Since many systems employ logic using different power supply voltages, such as mixed 5 and 3.3 volt logic, it is important to verify that the signals that cross the boundary have sufficient noise margins, and do not exceed the maximum input voltage ratings. In some cases, level conversion or voltage clamping circuits may be necessary. Some 3 volt logic devices are tolerant of 5 volt signal levels on some of their input pins, simplifying the design. On the other hand, 3 volt CMOS outputs can often drive 5 volt logic with TTL compatible inputs directly.

3. Check DC Fan-Out: Output Current Drive vs. Loading

Maximum logic output currents (IOL and IOH) are specified, usually at a specific output voltage (VOL and VOH respectively) . The total load current that an output drives must be compared to the inputs and any resistors the output must drive, and sufficient margin must be allowed to guarantee proper operation.

Some logic outputs, such as IRQ and DMA request lines, frequently use opendrain or open-collector buses, which require pull-up resistors. Open-drain or open-collector outputs must be identified and pulled up with an appropriate resistor. Unused inputs should be pulled to their inactive state: either pulled up to the supply through a resistor, or connected to ground, as appropriate.

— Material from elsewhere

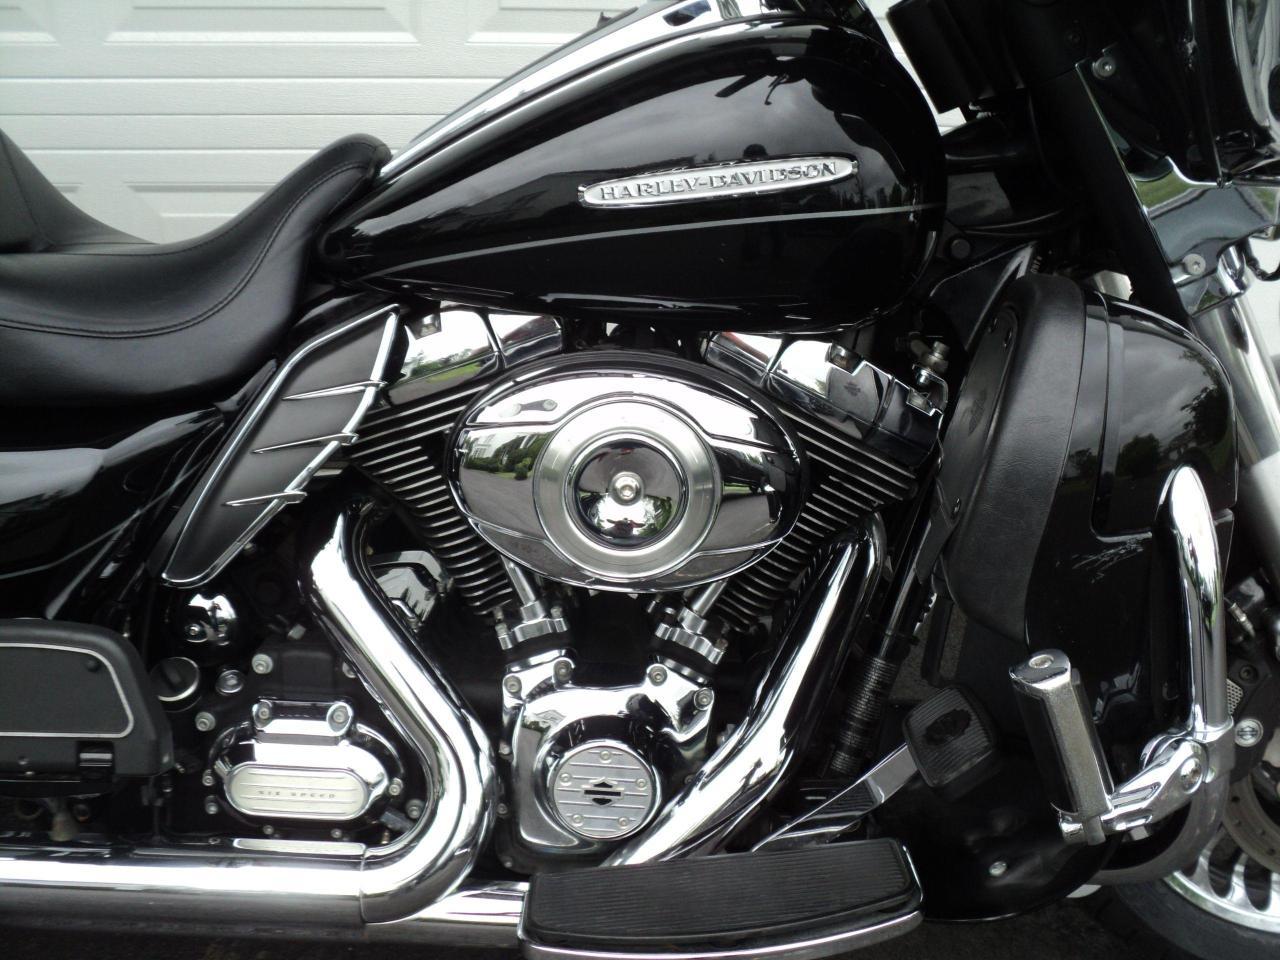 2012 Harley-Davidson Ultra

Pull-up resistor values must be chosen to minimize the rise time using as small a value as will satisfy the maximum IOL of the weakest open-drain device driving the line.

4. AC (Capacitive) Output Drive vs. Capacitive Load and De-rating

Device timing is usually specified under specific loading conditions on the outputs. If the actual capacitive load on the outputs, consisting of the driven logic inputs and stray wiring capacitance, exceeds the load capacitor specified in the output device’s timing test conditions, then the timing specs will not be valid. If the amount of overload is not severe, it is possible to estimate the additional delay required to charge the excess capacitance. The delay depends upon the available charging current and actual load capacitance.